[Input records]:
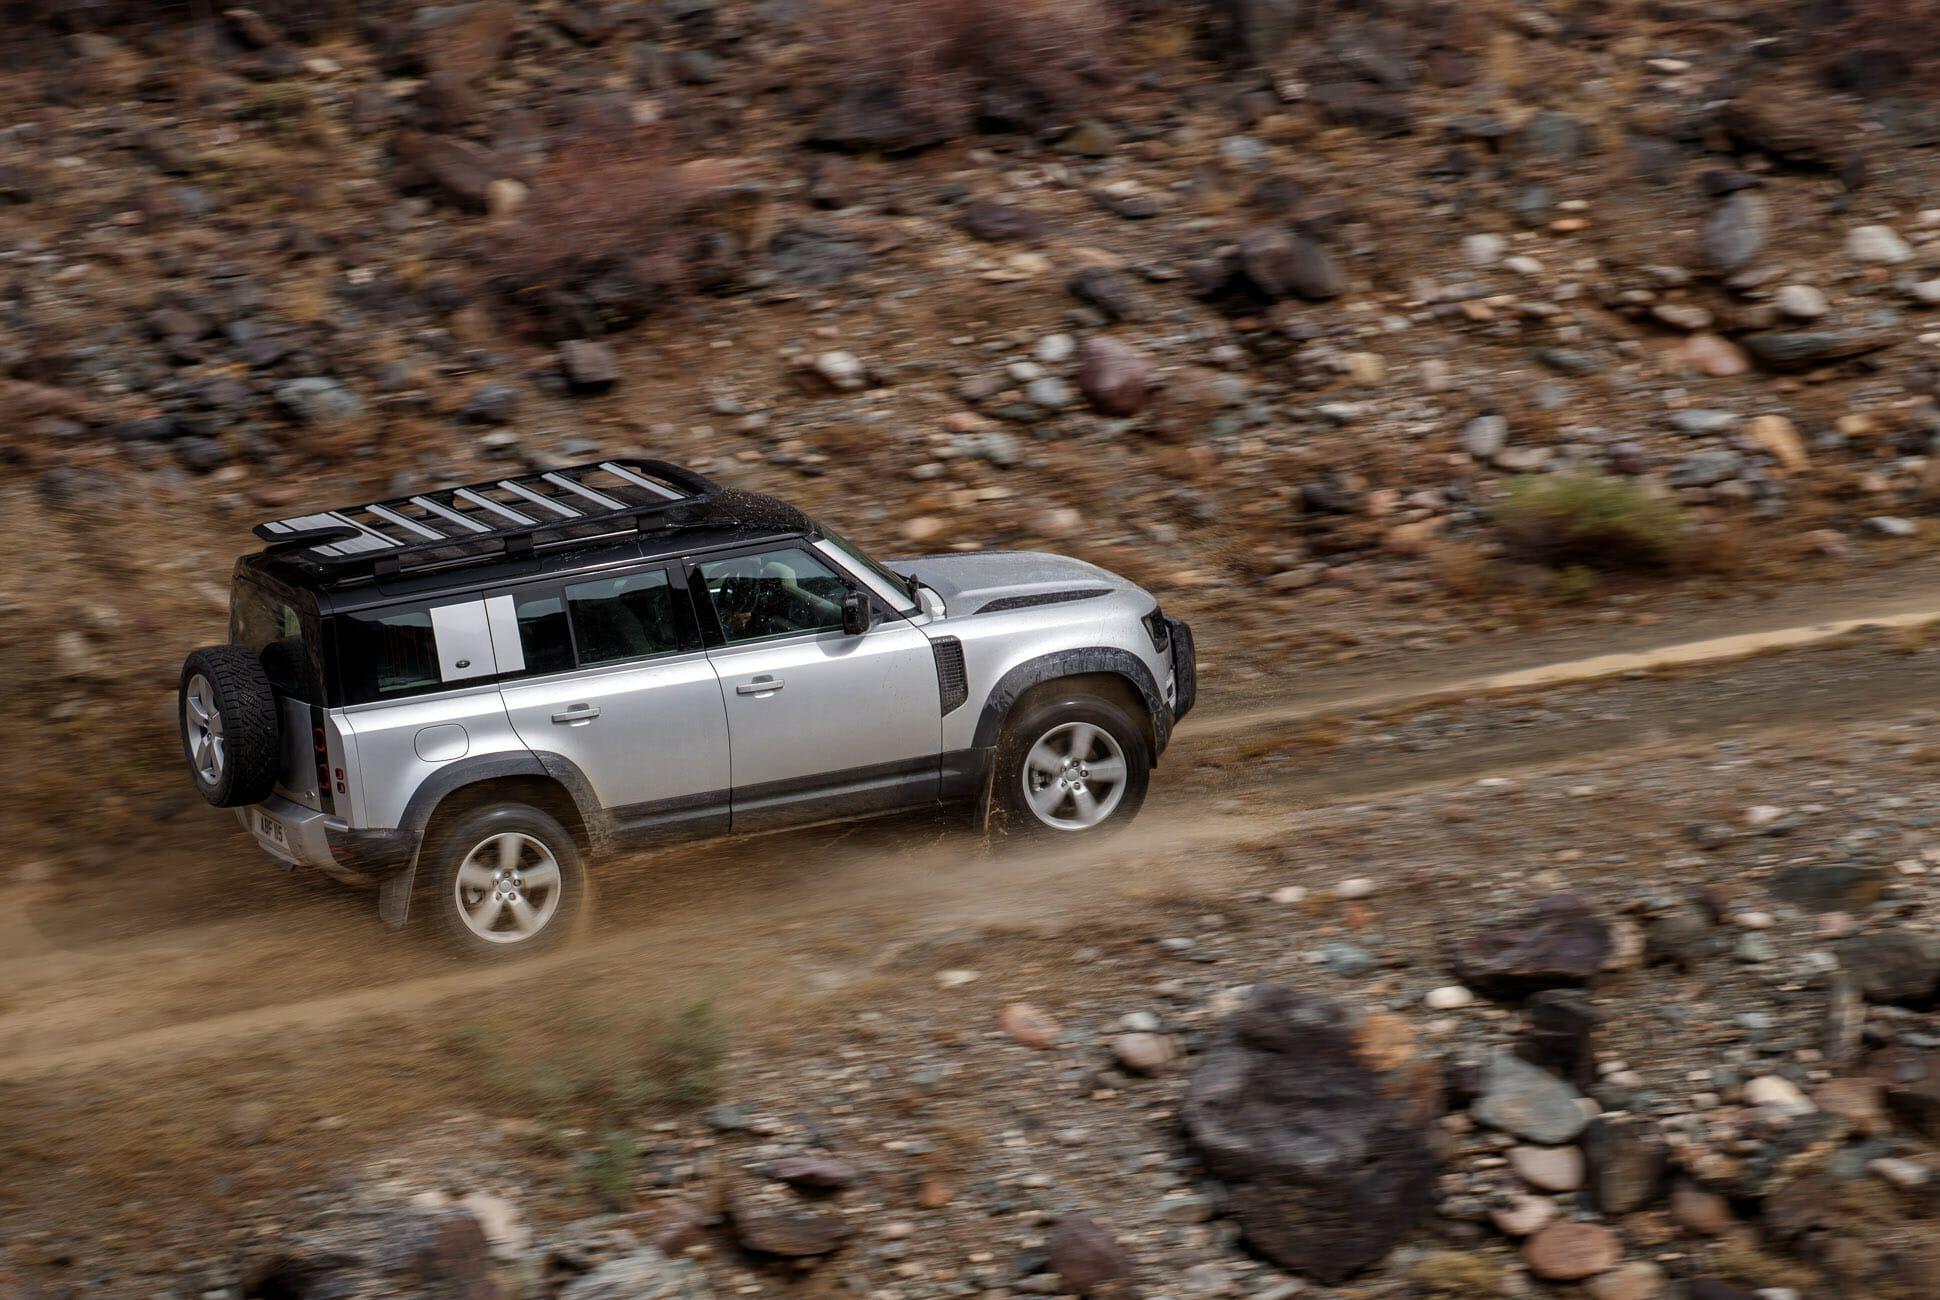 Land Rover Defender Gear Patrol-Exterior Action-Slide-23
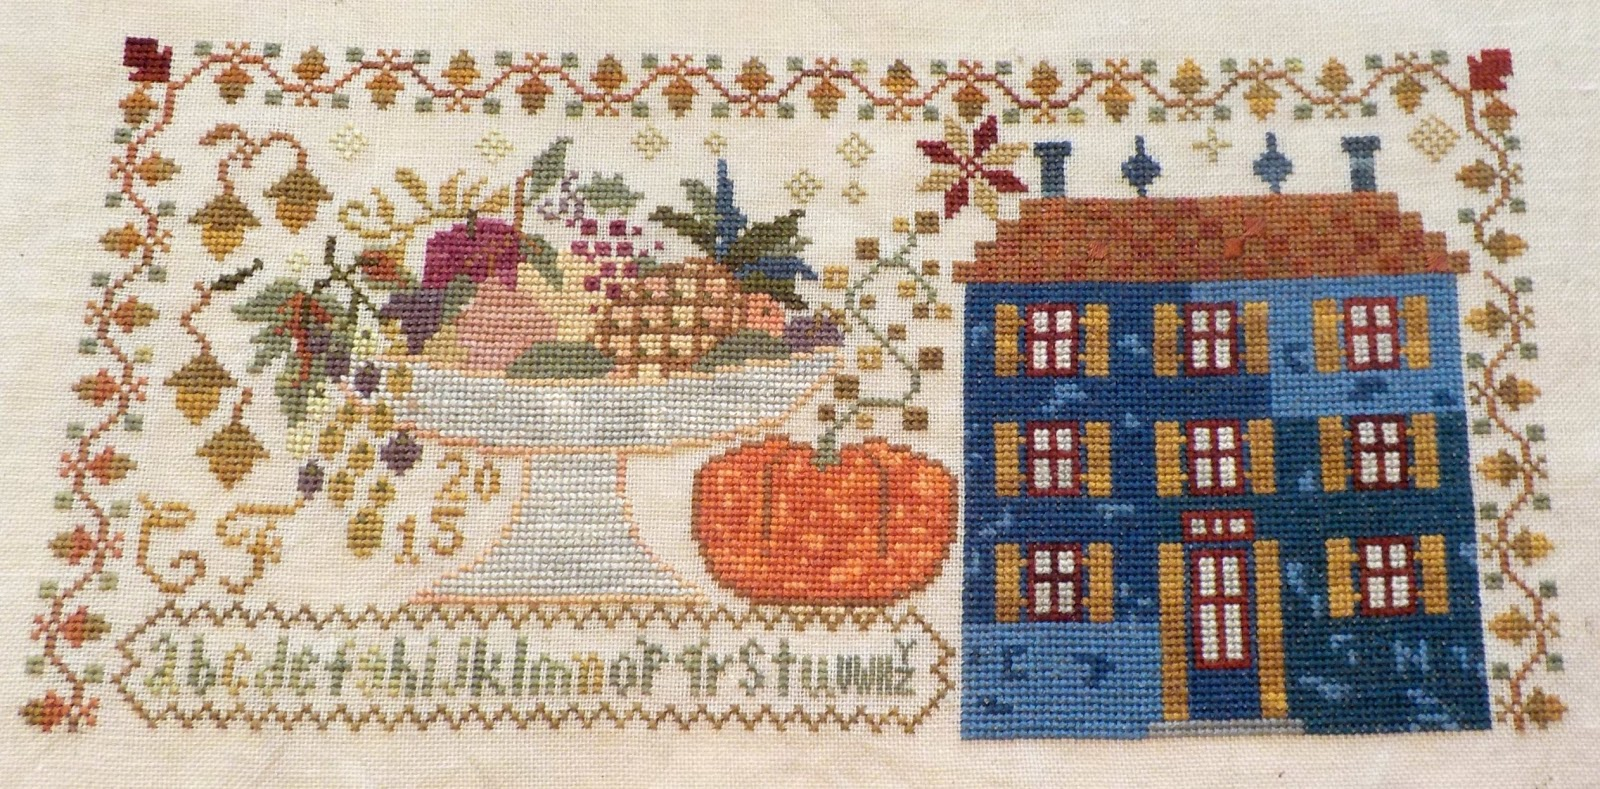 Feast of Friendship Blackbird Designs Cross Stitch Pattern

...

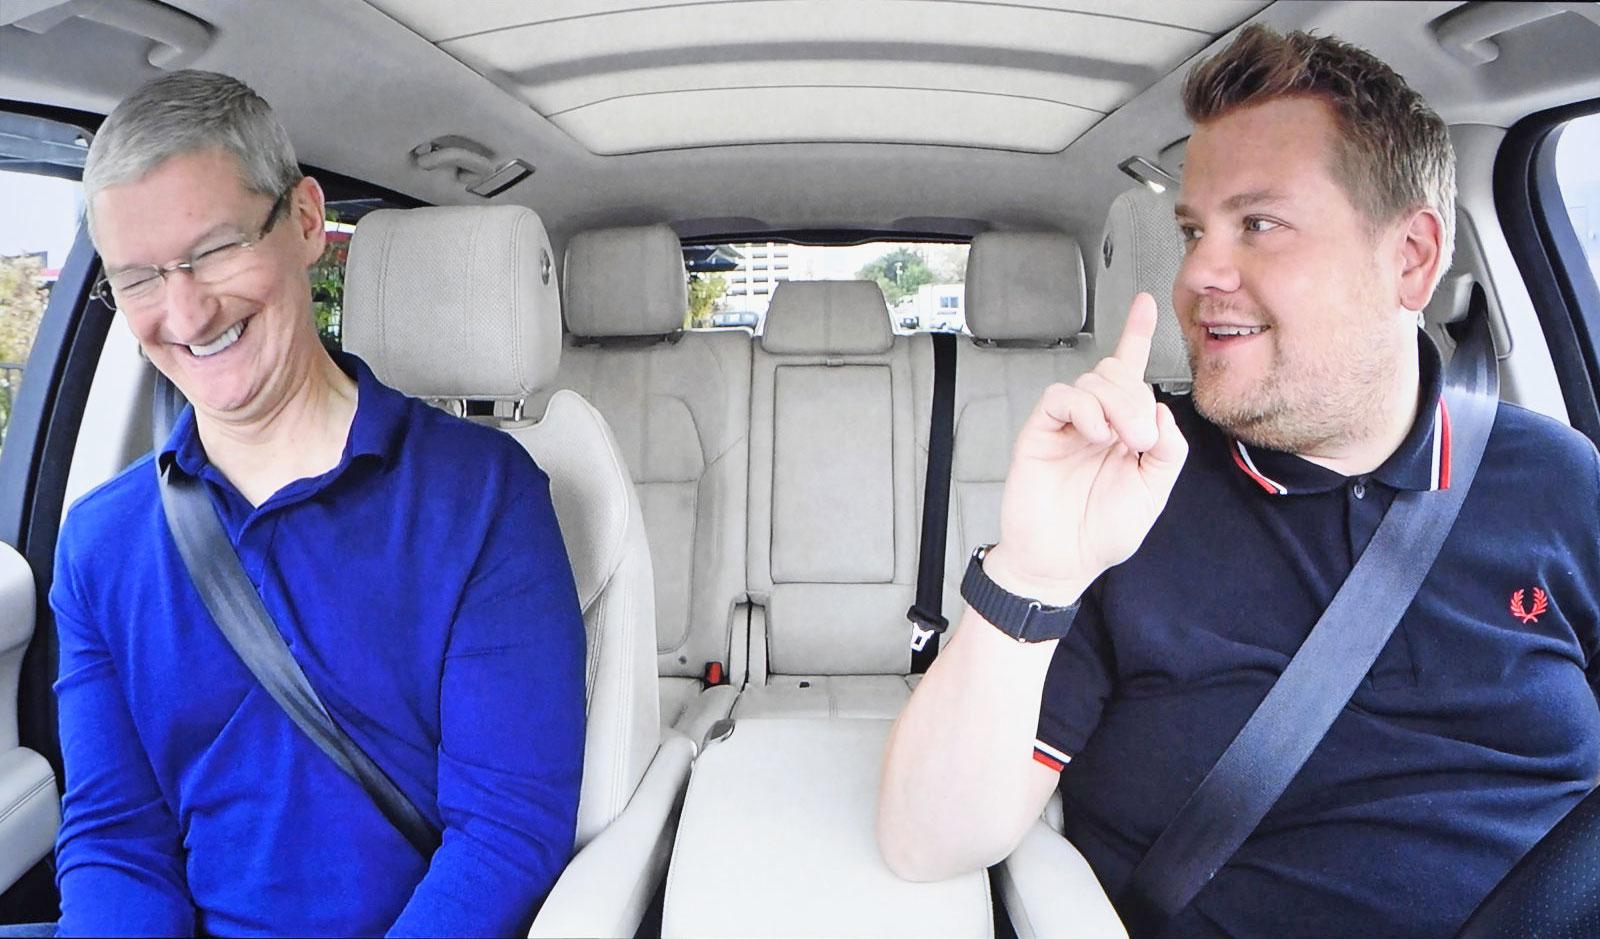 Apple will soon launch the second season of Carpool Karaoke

--

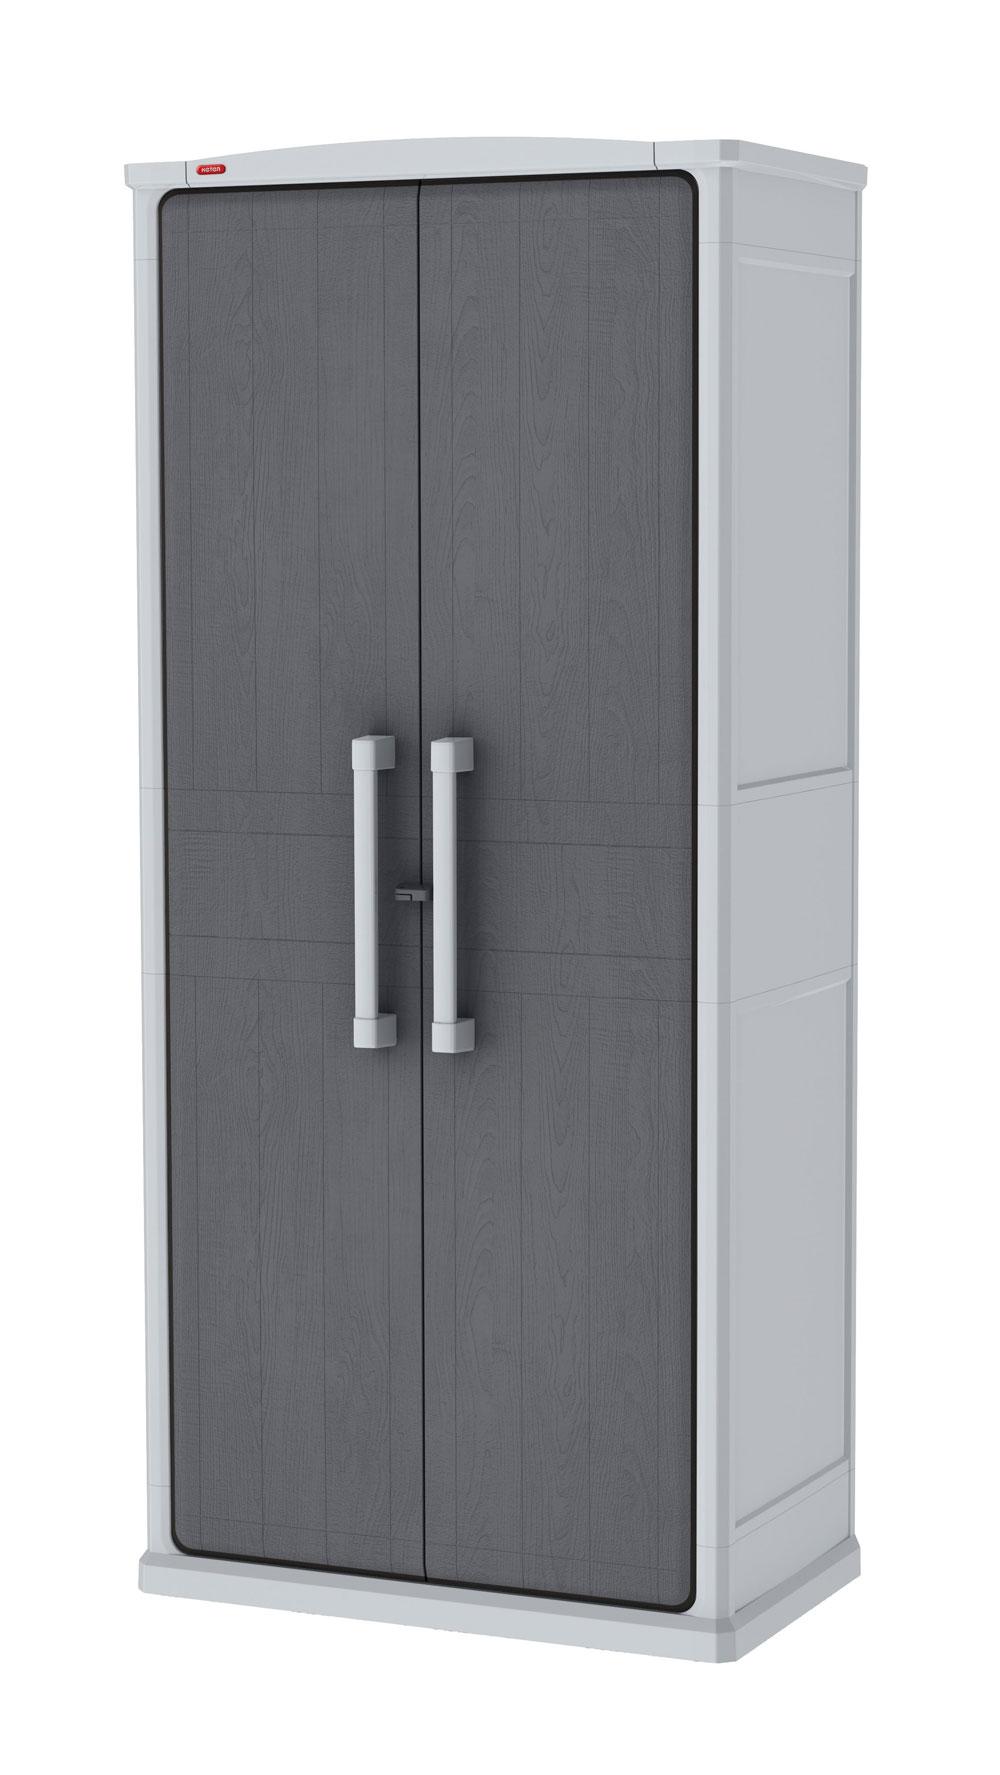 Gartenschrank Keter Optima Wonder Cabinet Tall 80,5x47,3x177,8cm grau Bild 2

[What this task involves]:
From the records above, copy exactly the lines starting at the one with "Land Rover Defender" and ending at the one with "Feast of Friendship", and no others. Pictures stay out.

[Answer for this exercise]:
 Land Rover Defender Gear Patrol-Exterior Action-Slide-23
 Feast of Friendship Blackbird Designs Cross Stitch Pattern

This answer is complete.